ASSIGNMENT> Would you please print exactly the lines that run from the one with "SU42 518 verläßt den Bahnhof Nowiny Wielkie" to the last line of the data, both included, without any pictures?
START COLLECTED MATERIAL
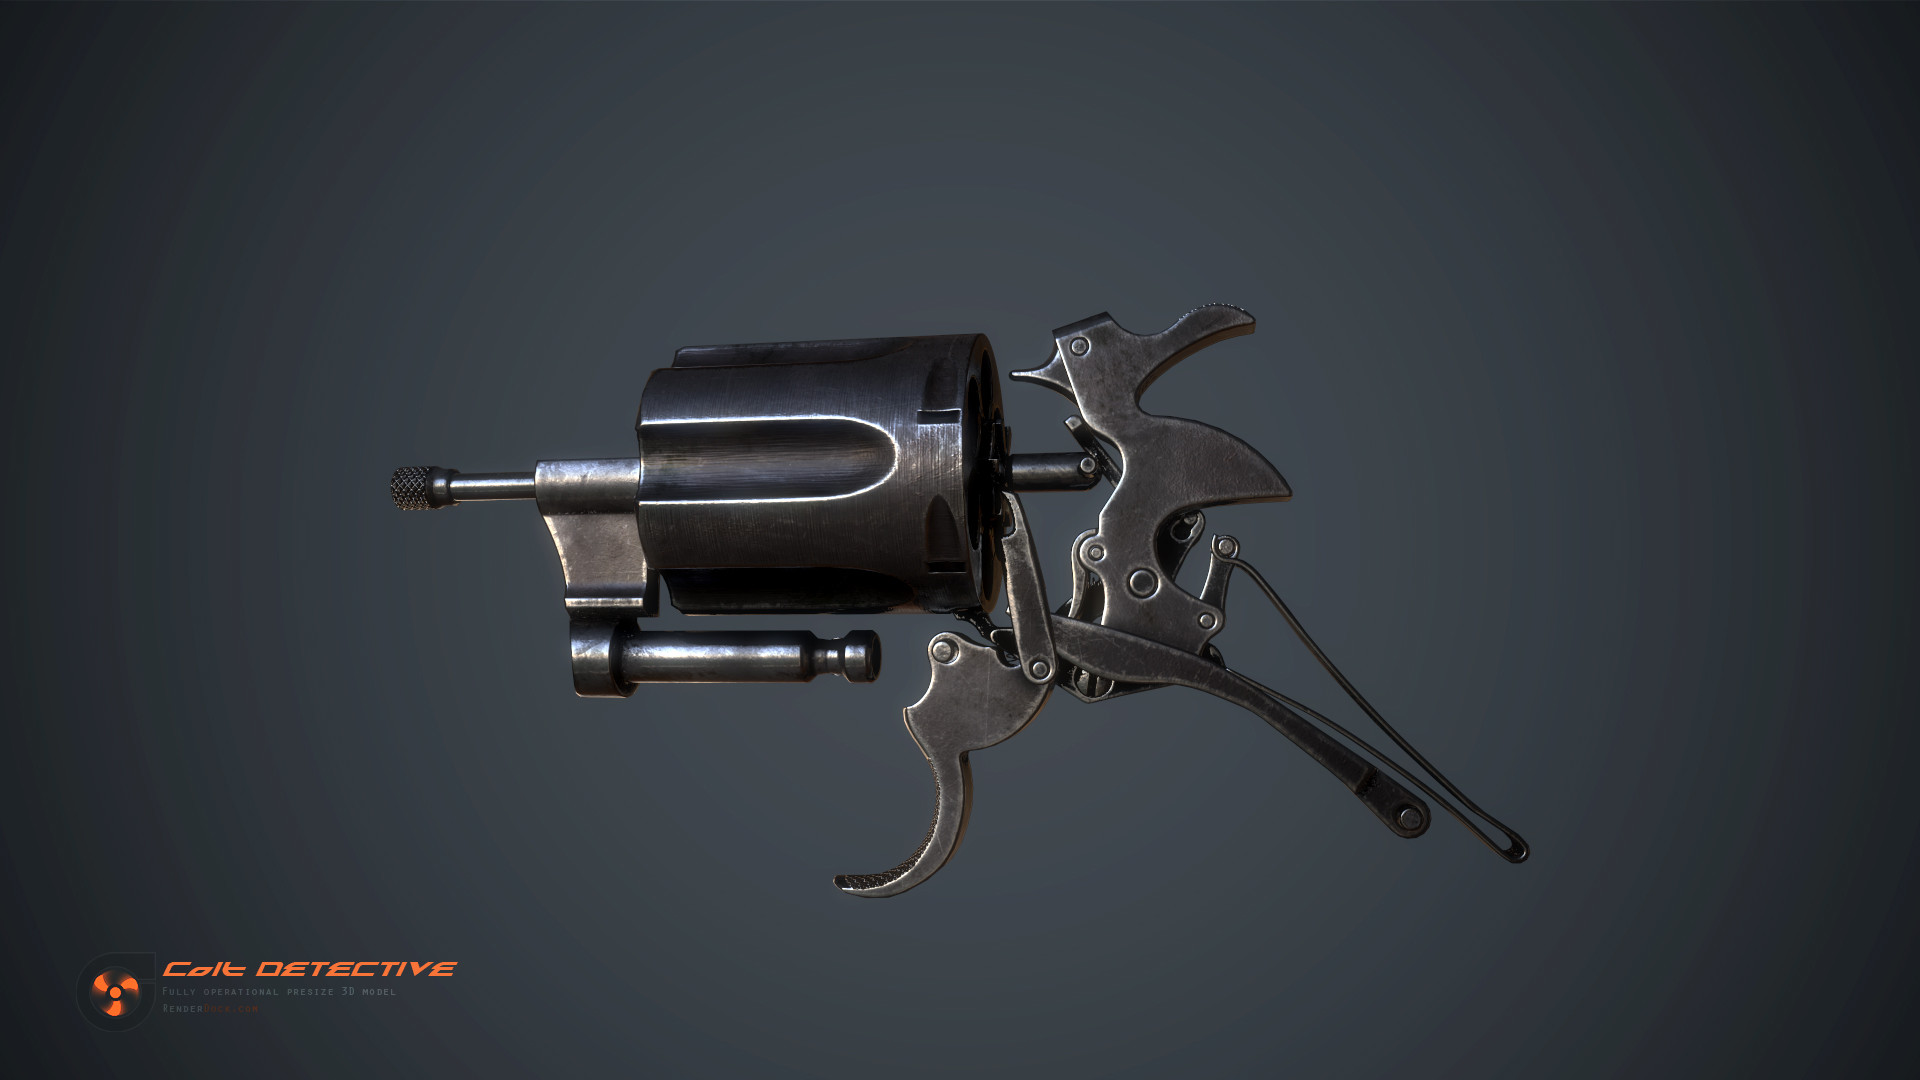 Renderdock studio colt detective detail04
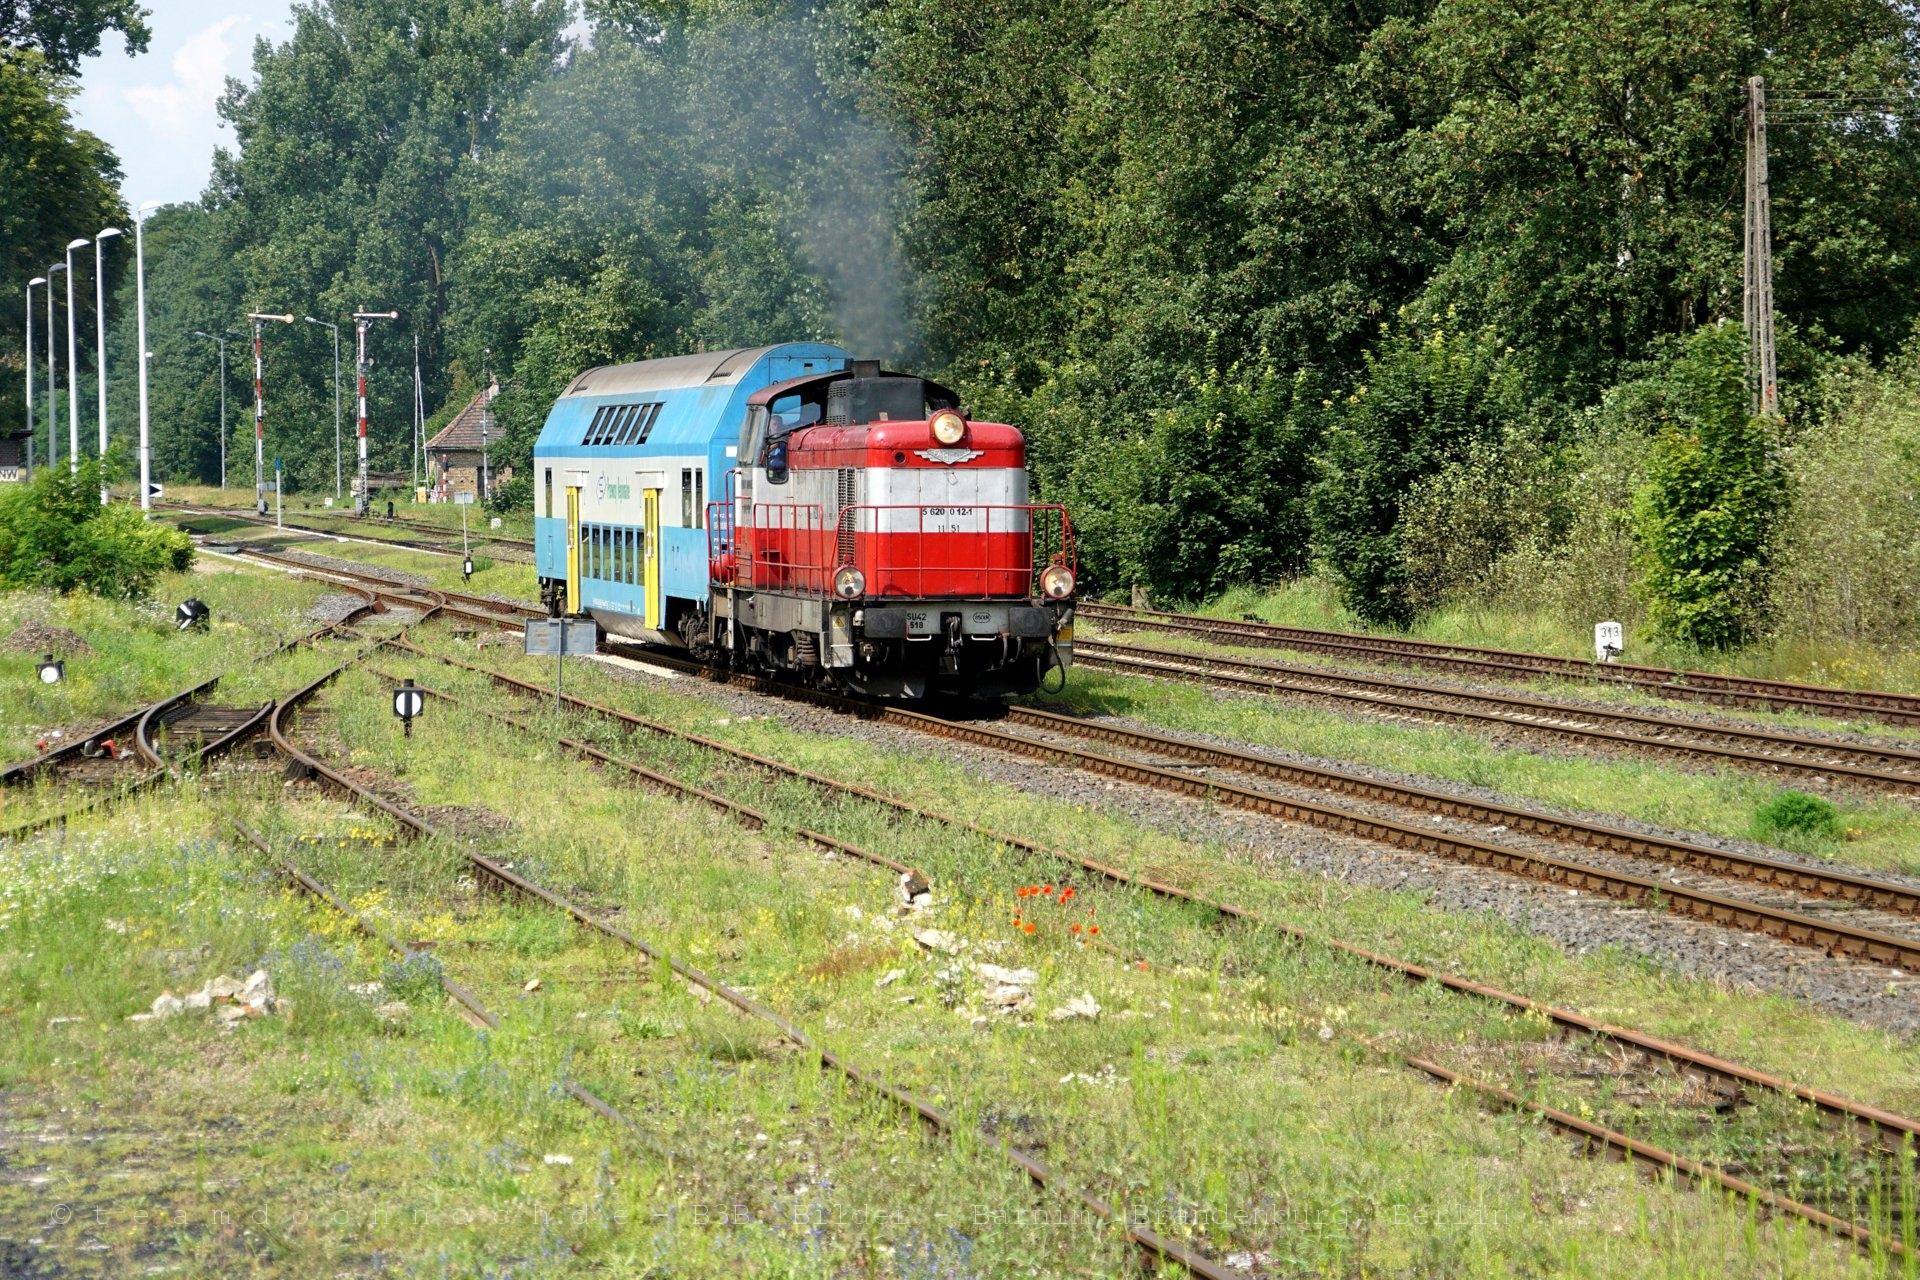 SU42 518 verläßt den Bahnhof Nowiny Wielkie
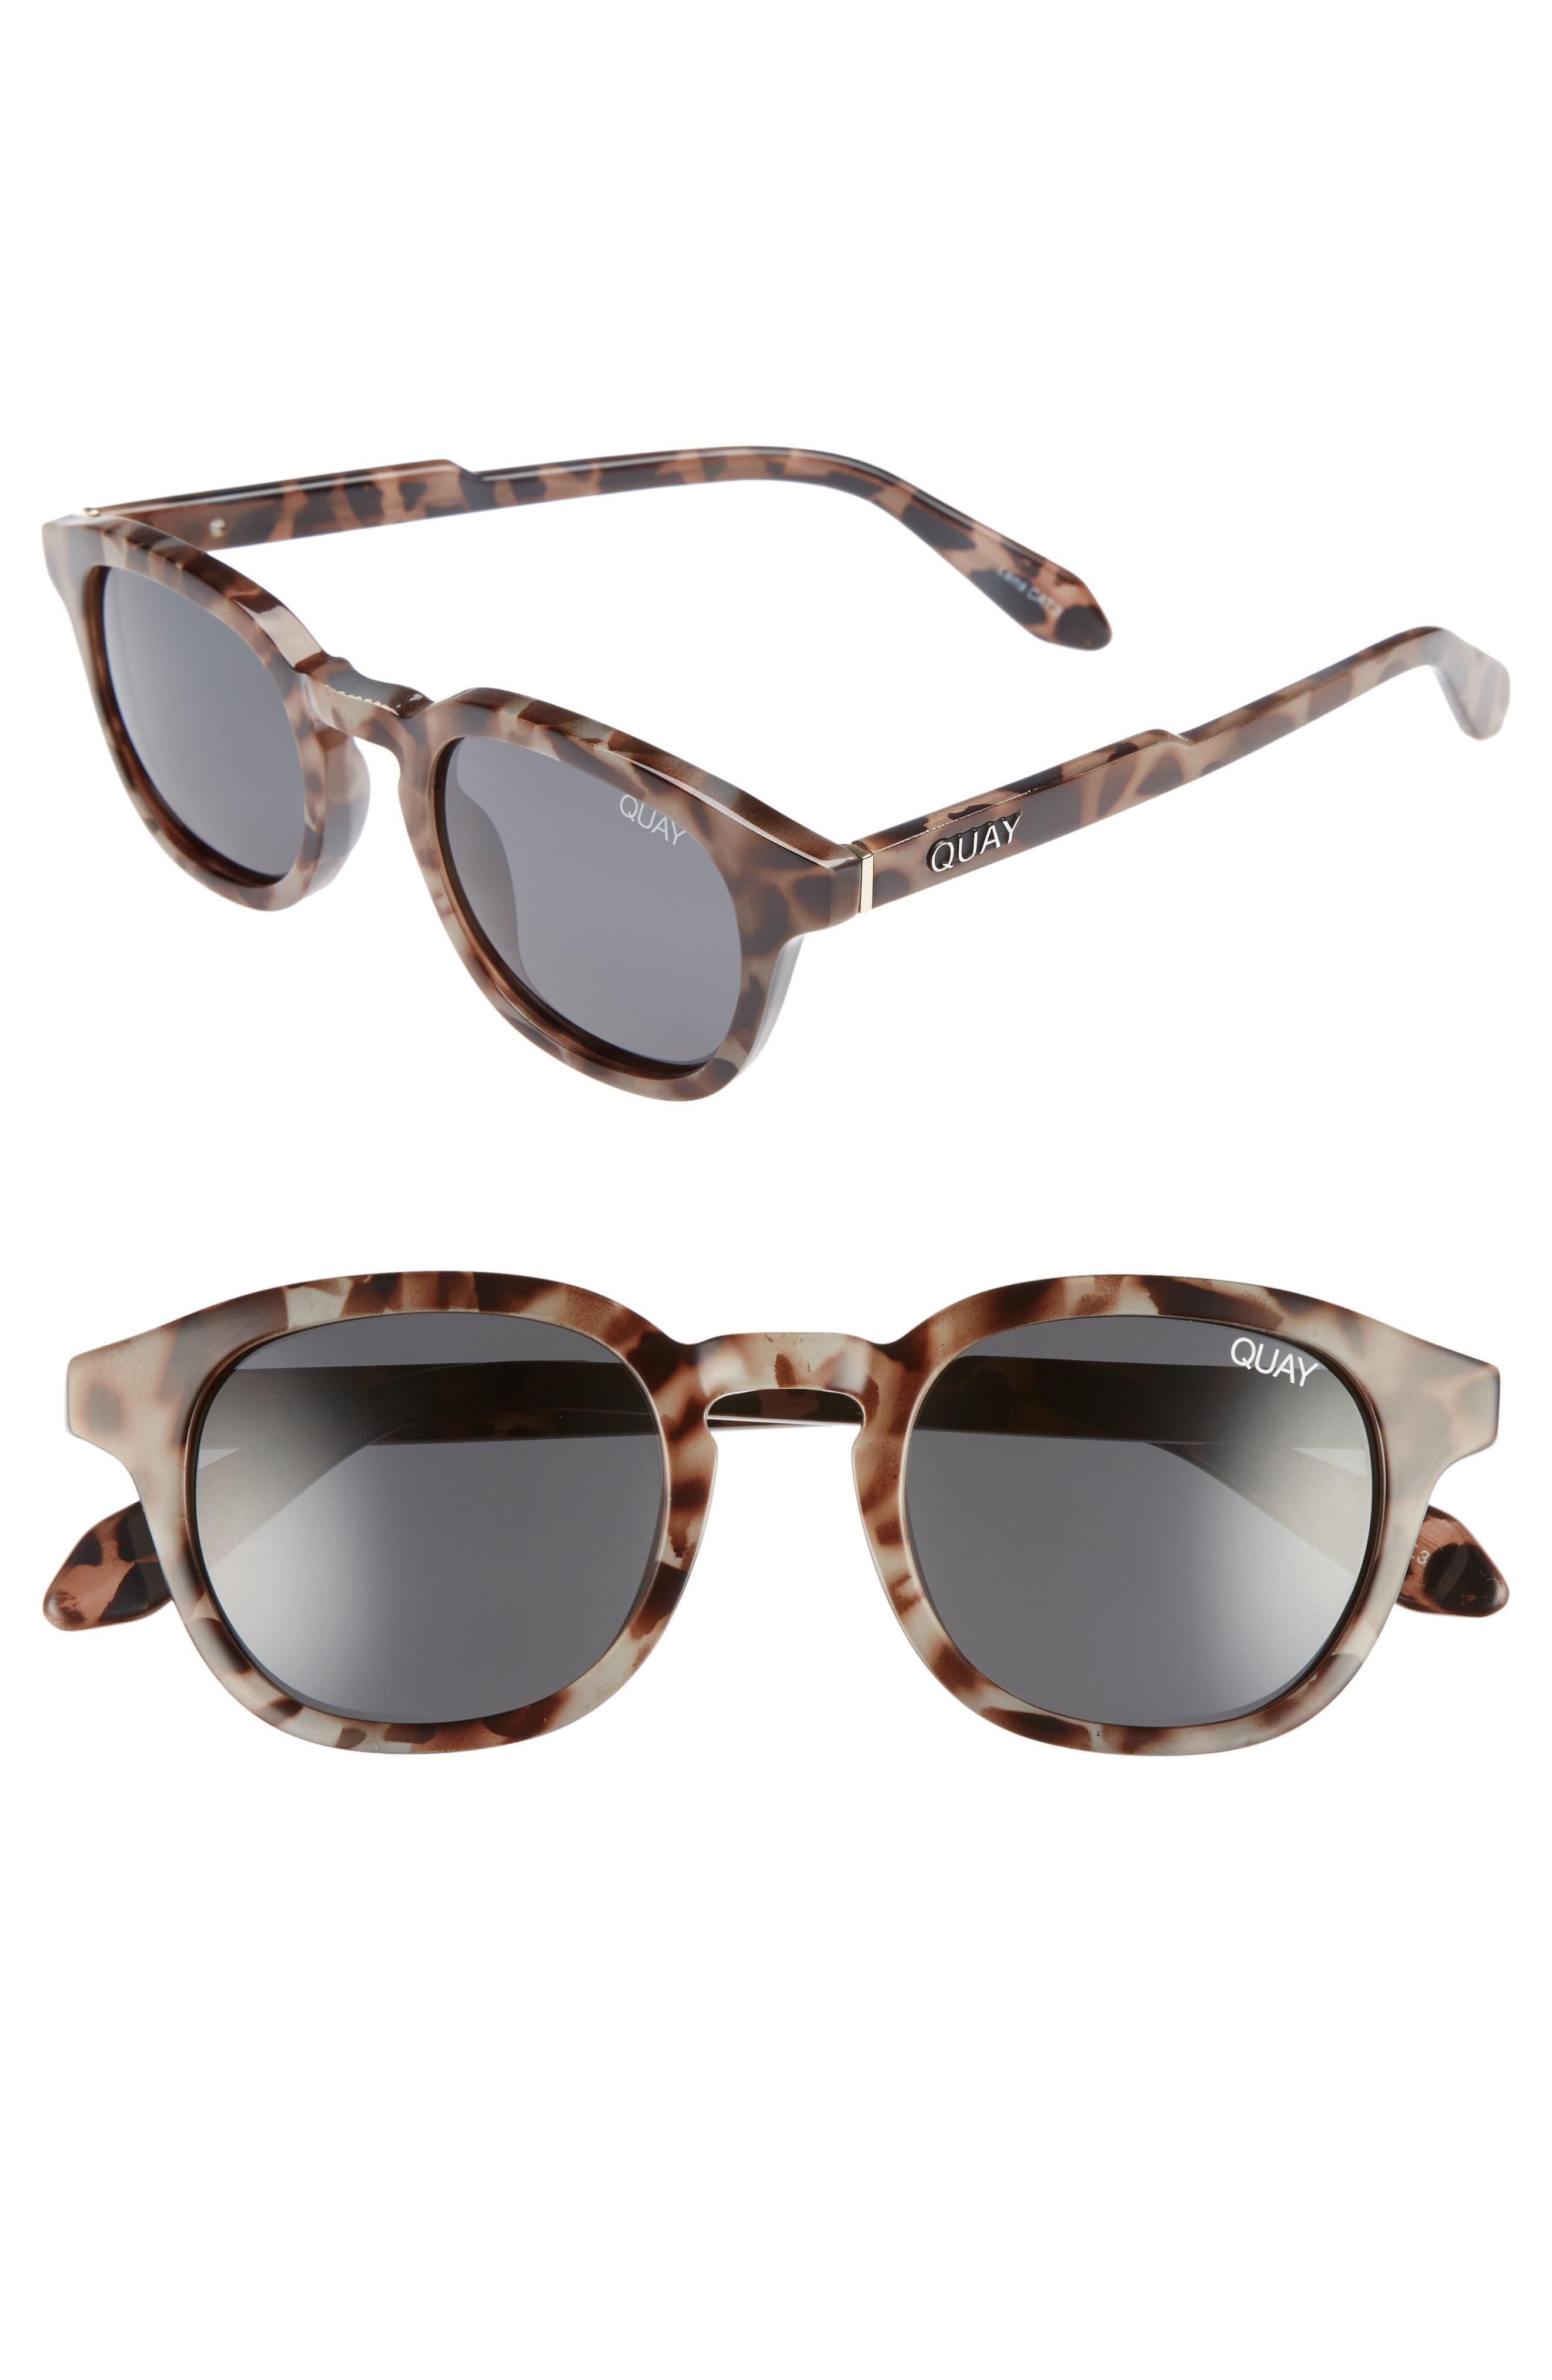 Walk On 47mm Polarized Sunglasses,                             Main thumbnail 1, color,                             Tortoise / Smoke Lens
END COLLECTED MATERIAL
TASK RESULT>
 SU42 518 verläßt den Bahnhof Nowiny Wielkie
 Walk On 47mm Polarized Sunglasses,                             Main thumbnail 1, color,                             Tortoise / Smoke Lens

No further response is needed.